For the Unstructured Ingest CLI and the Unstructured Ingest Python library, you can use the `--partition-by-api` option (CLI) or `partition_by_api` (Python) parameter to specify where files are processed:

* To do local file processing, omit `--partition-by-api` (CLI) or `partition_by_api` (Python), or explicitly specify `partition_by_api=False` (Python).
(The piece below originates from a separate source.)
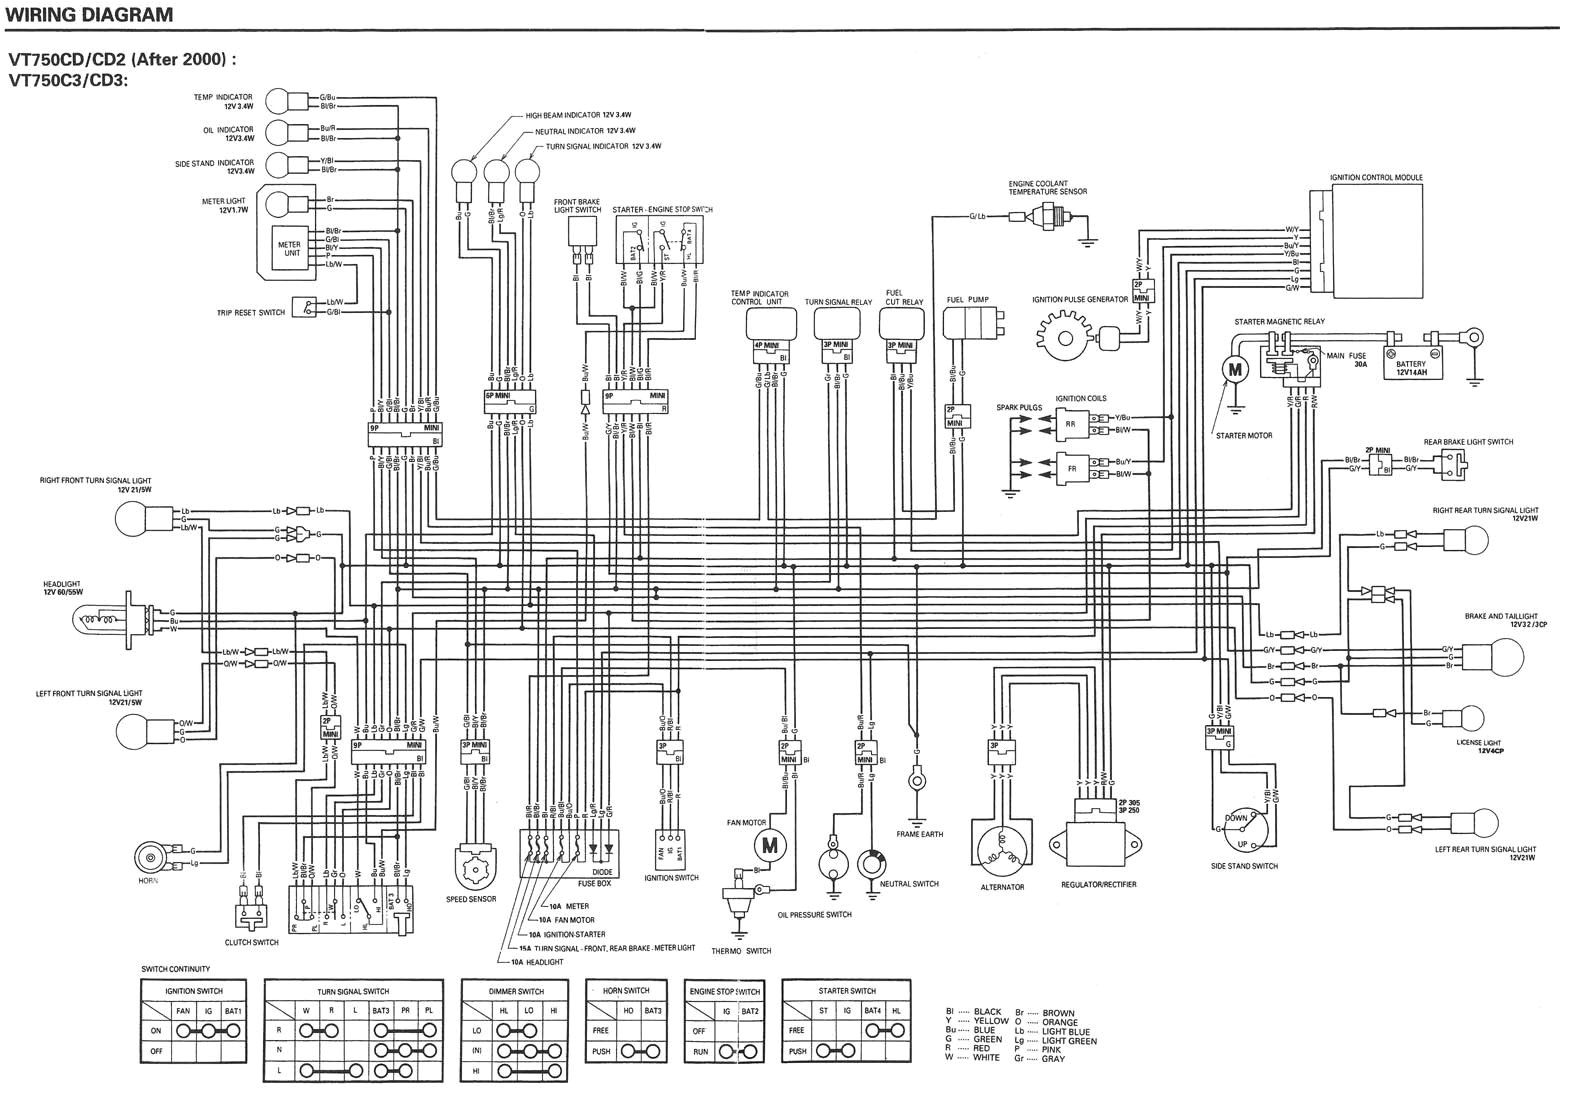 honda shadow wiring diagrams tj brutal customs support 2001 honda shadow 600 wiring diagram honda shadow 600 wiring diagram

  Local file processing does not use an Unstructured API key or API URL, so you can also omit the following, if they appear:

  * `--api-key $UNSTRUCTURED_API_KEY` (CLI) or `api_key=os.getenv("UNSTRUCTURED_API_KEY")` (Python)
  * `--partition-endpoint $UNSTRUCTURED_API_URL` (CLI) or `partition_endpoint=os.getenv("UNSTRUCTURED_API_URL")` (Python)
  * The environment variables `UNSTRUCTURED_API_KEY` and `UNSTRUCTURED_API_URL`

* To send files to the legacy [Unstructured Partition Endpoint](/api-reference/legacy-api/partition/overview) for processing, specify `--partition-by-api` (CLI) or `partition_by_api=True` (Python).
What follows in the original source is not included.